10/11/2020

Could the election of Joe Biden in the US pave the way to peace talks in Colombia between the government and the ELN guerrilla group? Gwen Burnyeat and Andrei Gómez-Suárez analyse the ELN’s perceptions of the obstacles to peace, and suggest that the incoming Biden administration offers a window of opportunity for future negotiations.


The election of Joe Biden in the United States offers a window of opportunity to close the armed conflict between the Colombian state and the National Liberation Army (Ejército de Liberación Nacional, ELN), and to deal with the crisis in Venezuela, which has been worsened by the anticommunism promoted by Donald Trump and Iván Duque. The regional crisis and the Colombian armed conflict are intimately linked. To take advantage of this opportunity, it’s necessary to understand the obstacles which the ELN has historically identified as preventing peace. This analysis offers tools to the new American government, and to Duque’s administration, to start repairing the regional crisis that involves the USA, Colombia, Cuba and Venezuela.

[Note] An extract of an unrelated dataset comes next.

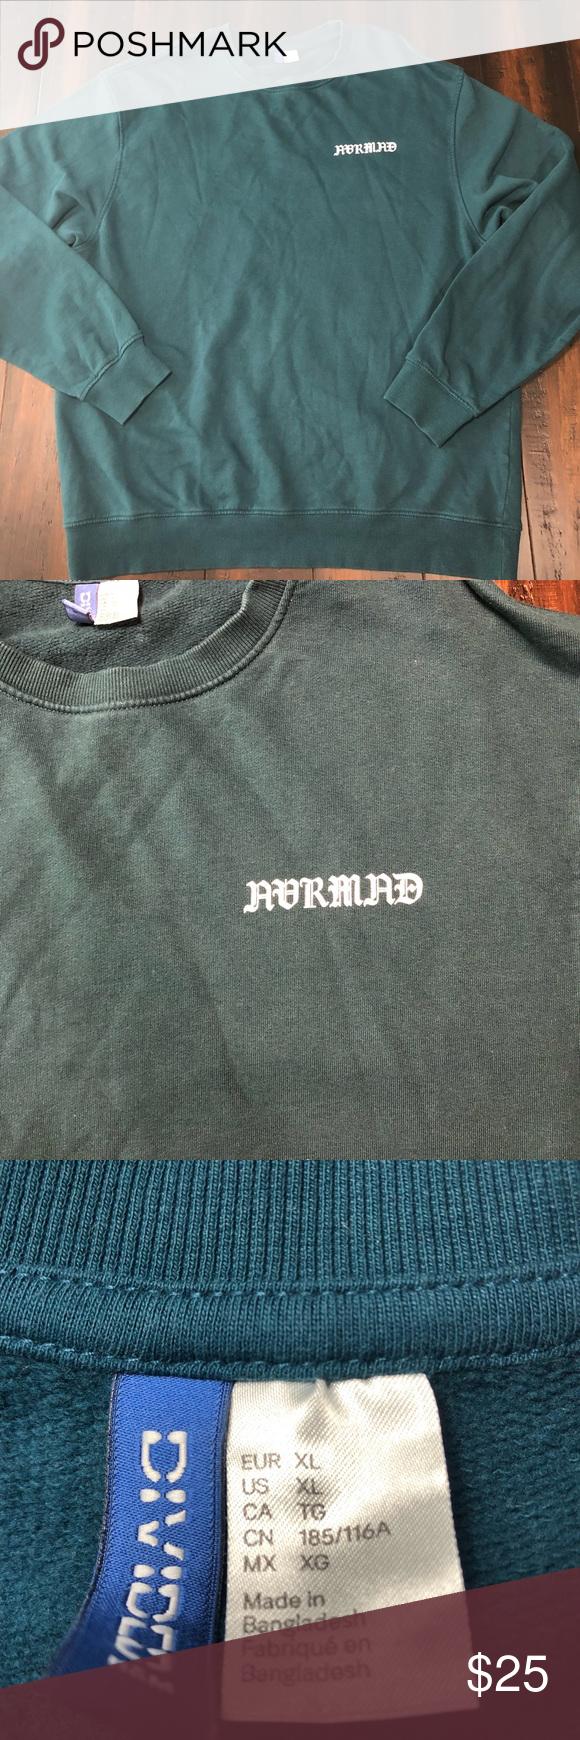 H M Avrmad Crewneck Sweatshirt Crew Neck Sweatshirt Branded Sweatshirts Sweatshirts [ 1740 x 580 Pixel ]

Alias Uriel (Source: El Tiempo)
Alias Uriel (Source: El Tiempo)

Duque has presented the death of alias “Uriel”, third commander of the ELN’s Western War Front, as a great blow to the insurgency, privileging the search for a military victory. However, the ELN’s revolutionary struggle has historically survived large military blows; for example, it revived after Operation Anorí in 1973, in which almost all the guerrilla’s commanders were killed, thanks to their deep roots in their social bases. Therefore, in our view, the armed conflict with the ELN can only be resolved via a political negotiation.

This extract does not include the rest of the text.